An ordained minister of the Gospel may be called to different roles even at different times of his life:

E.g. 

(a) A pastor or pastor/teacher tied to a particular congregation.

(b) An evangelist doing itinerant mainly Gospel work at home or abroad. The WCF Form of Presbyterial Government appears to eschew "evangelists" as an extraordinary office alongside apostles and prophets, but it depends on what is meant by the word "evangelist". If we mean by evangelist those who accompanied the apostles in their travels and did miraculous works, then evangelists have certainly expired.

(c) A doctor or teacher teaching in a theological college.

(d) A foreign missionary working abroad.

The expression "domestic missionary" has sometimes been used in Presbyterian churches - in Scotland at least - for a ruling elder with a gift for preaching who is not fully qualified as a minister of the Gospel but stands in in vacant congregations until they get a minister.

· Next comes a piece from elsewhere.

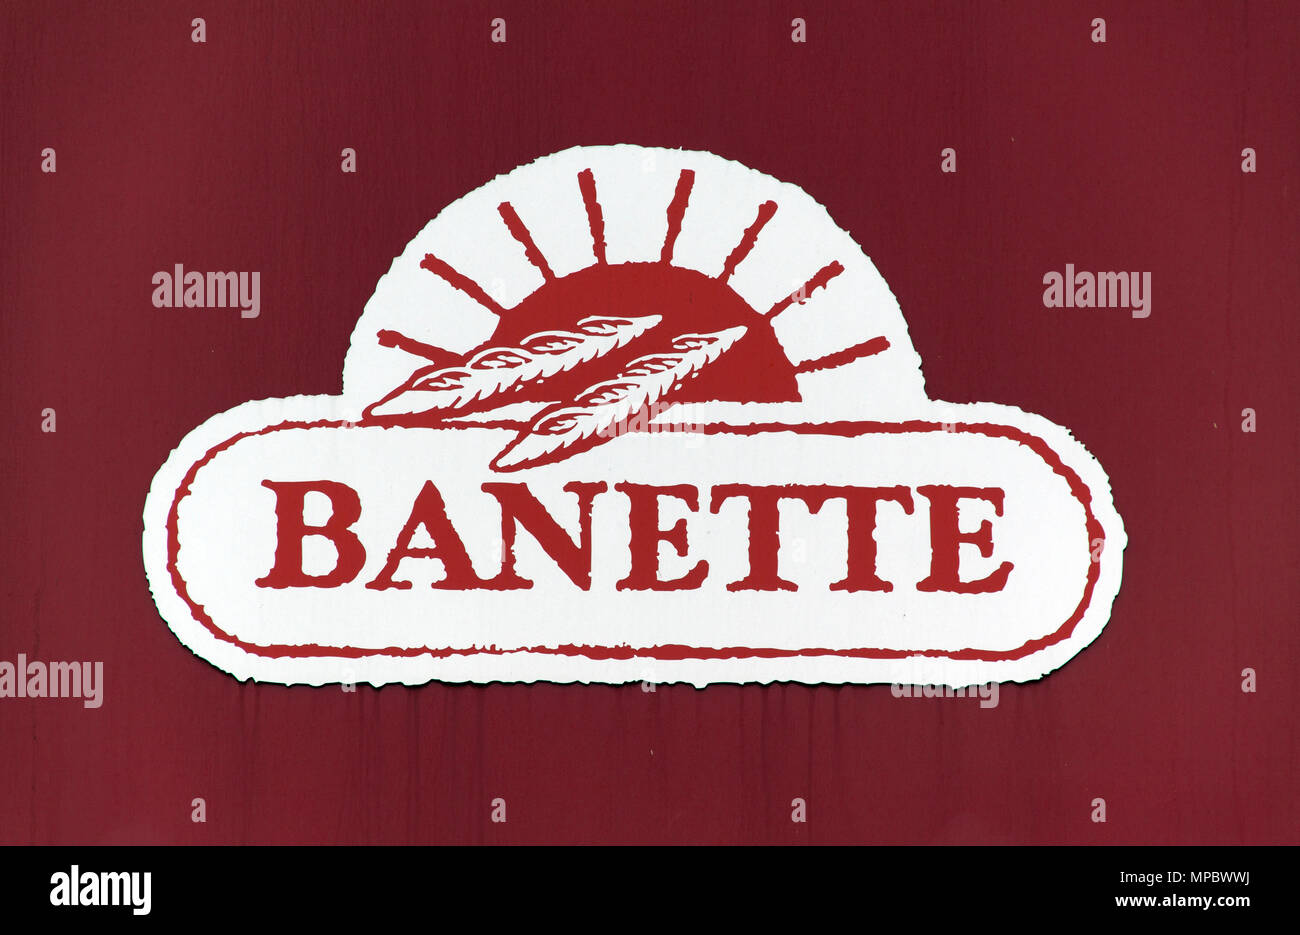 paris , France-september 15, 2015: sign of bannette, bannette is a chain of French bakeries, this one is located in Arles France Stock Photo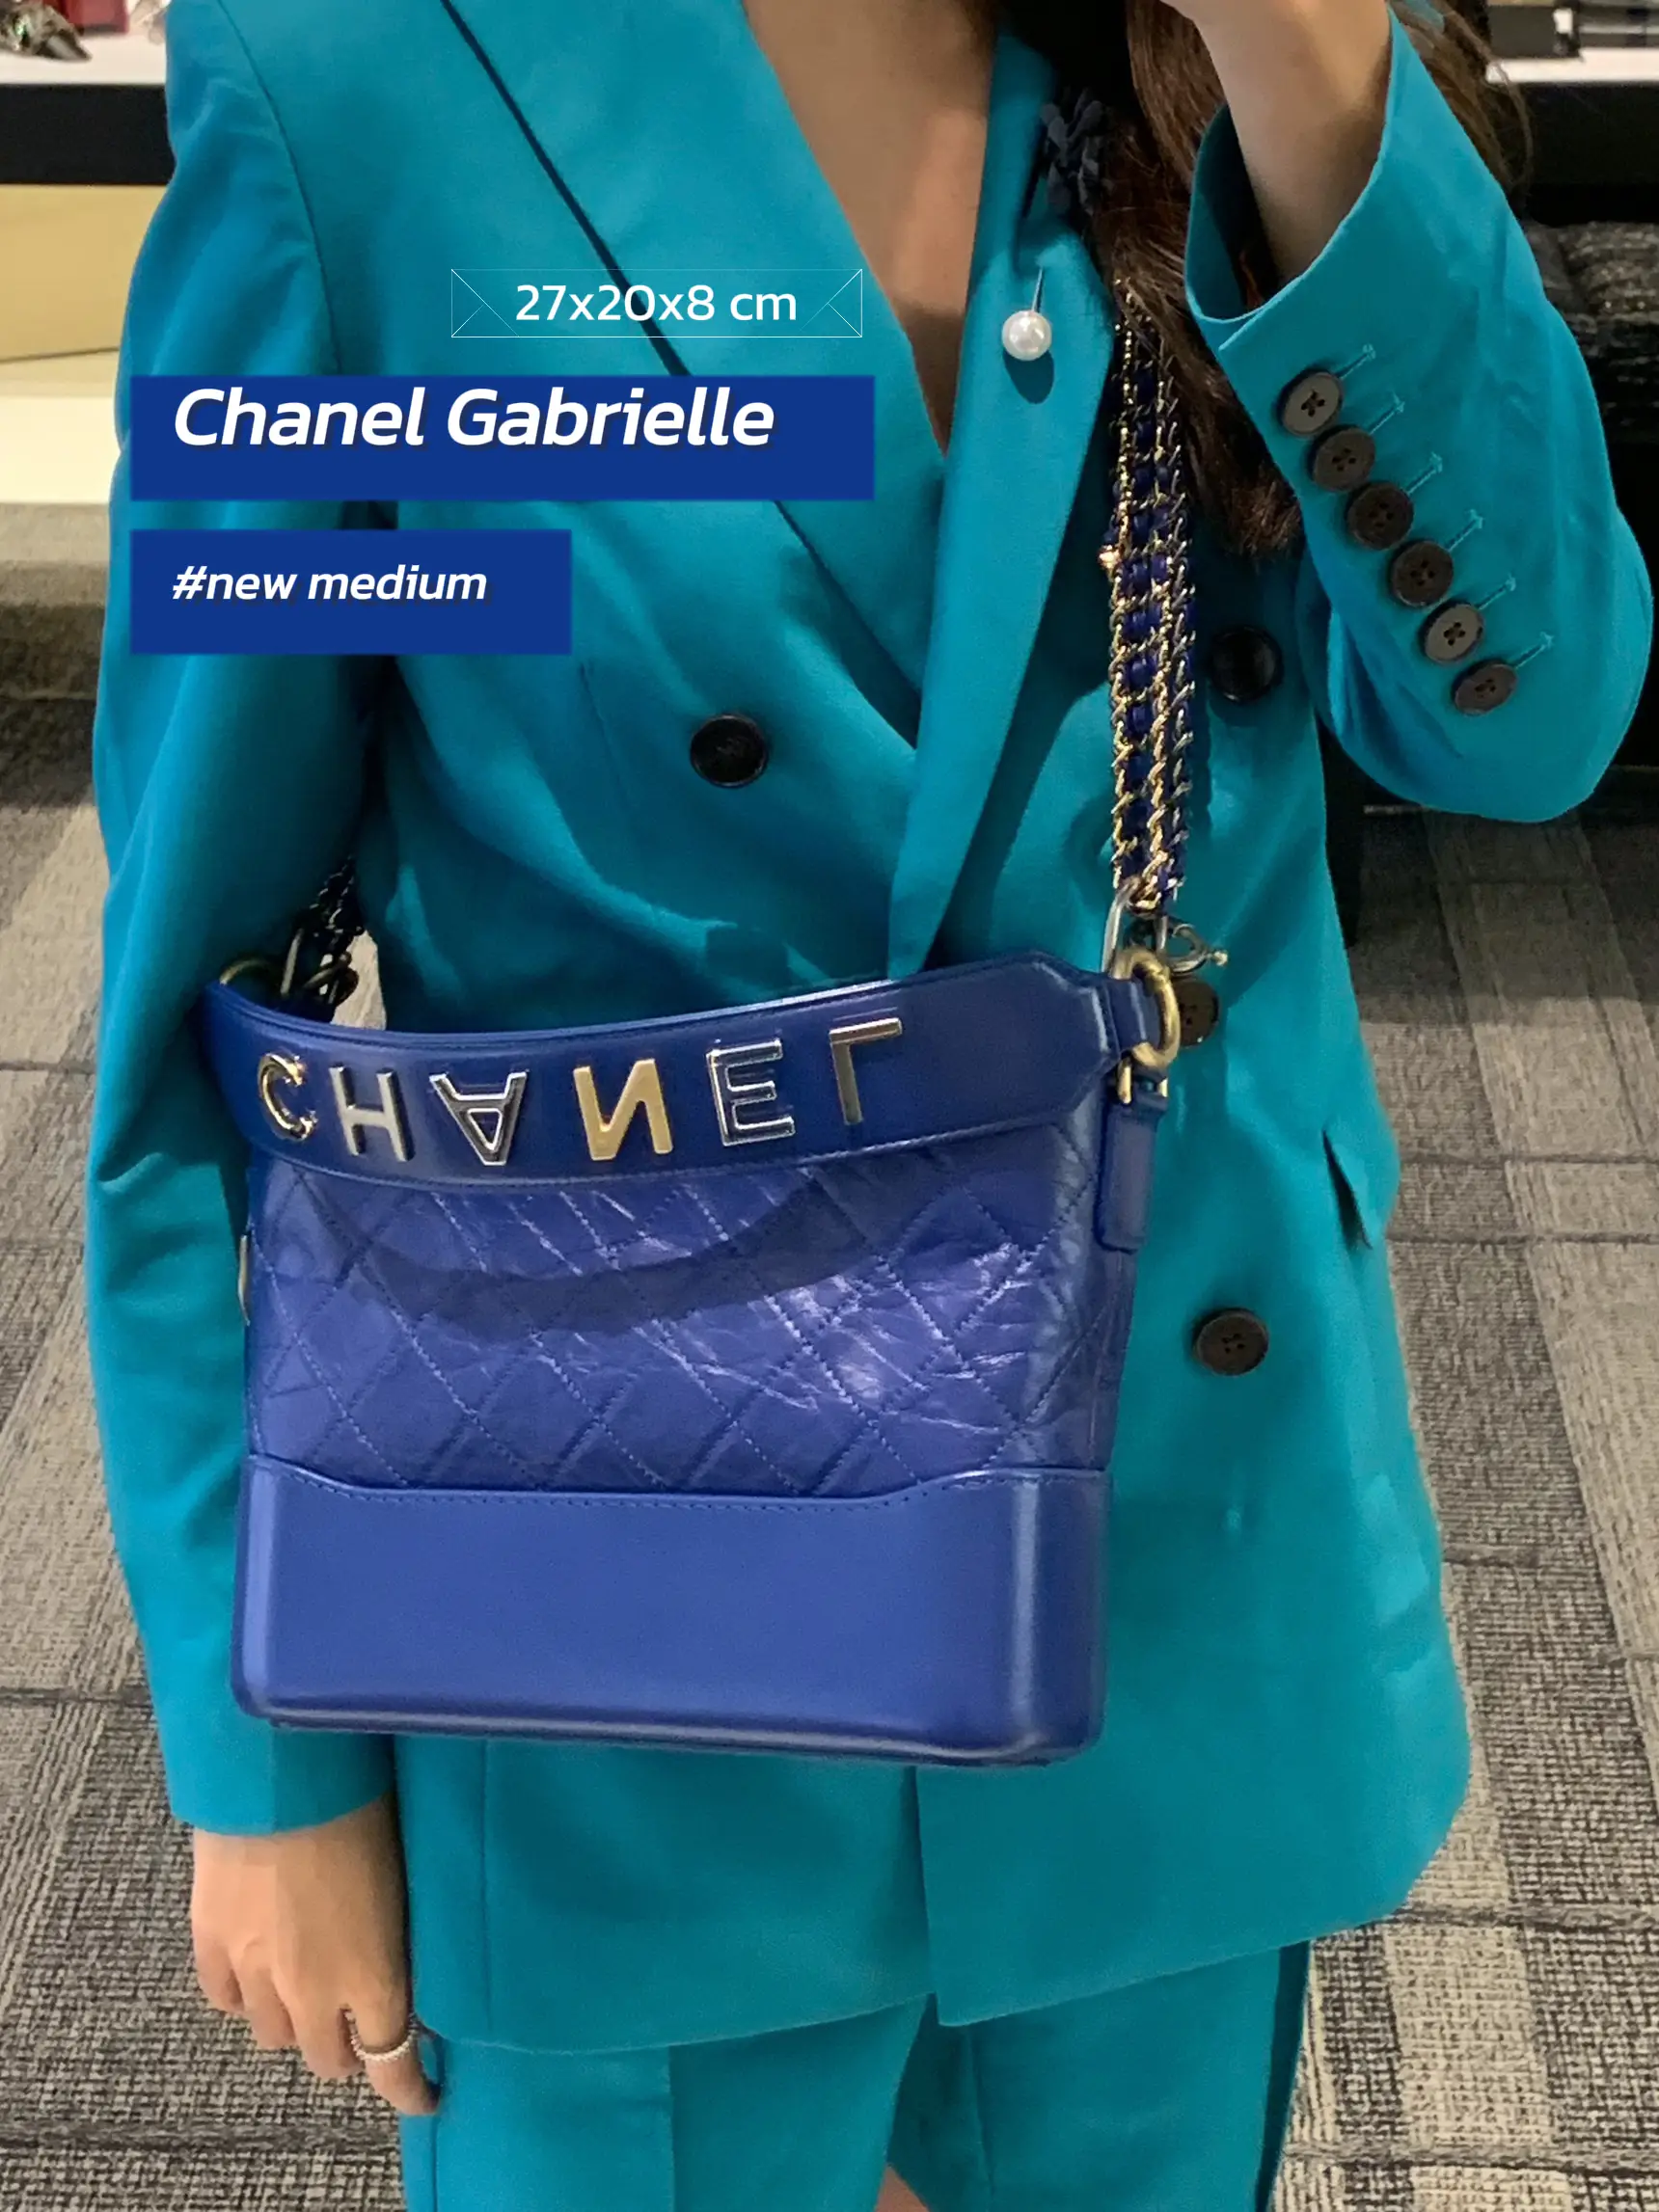 Is Chanel Gabrielle worth it? How to dress?

(e) An evangelist or missionary working among particular people(s) in his own country.

Of course the word "missionary" has a broader meaning also for all - e.g. doctors, nurses, teachers - who work on foreign missions.


----------



## steadfast7 (Apr 12, 2011)

Concurring with the above, the definition of "missionary" being so broad these days, I would first ask what your understanding of missions is? There are "missionaries" who dig wells for World Vision, as well as those who are pastors and seminary profs in foreign countries. My narrow definition of missions is of a cross cultural, long term involvement in church planting work. No doubt, this person may need to administer sacraments and preach regularly if he is the lone worker in an area, so that diminishes the distinction in the eyes of your denomination. Another point to note is that Scripture carefully outlines the qualifications for a local church elder, but not for itinerant evangelists. The qualification requirement for gospel proclaimers seemed to be less stringent. If your desire and aptitude is for more "apostolic" type of ministry, and your church confirms it, then go for it!


----------



## Pergamum (Apr 12, 2011)

Justin,


FIRST: If you are desiring to serve cross-culturally overseas, please pm me and let's talk more deeply about training and the logistics of being sent.

SECOND - WHAT IS A MISSSIONARY: 

I do believe that some christians are called with a desire to take the Gospel across an ethno-linguistic boundary to either plant a church that does not exist or help strengthen a weak church. If you are desiring to do this, then fan the flames and do not squash this desire because there are many needs and your desire and recurring thoughts of doing this are one means by which God calls misssionaries. Another means is the larger body of Christ, so i would also check with your local church and its elders to see if they believe you have the skills and personality and qualifications to serve overseas. A misssionary is from the latin mitto, and this itself was derived from the greek for a "sent-out one" and so, therefore, we are not merely those who run forward but are those who are sent out.

Missions and ordination:
I do not believe that only ordained, elder-qualified men are the only ones fit to be sent for misssionary service. Many mature Christian laymen have roles to play and all of these roles are not pastoral (pilot, mechanic, literacy worker, nurse, teacher, translator). Women and unordained men, too, can make valuable contributions; even if one great pressing need on the mission field is not more specialists but more ordained "generalist' church-planters who can preach and administer the sacraments.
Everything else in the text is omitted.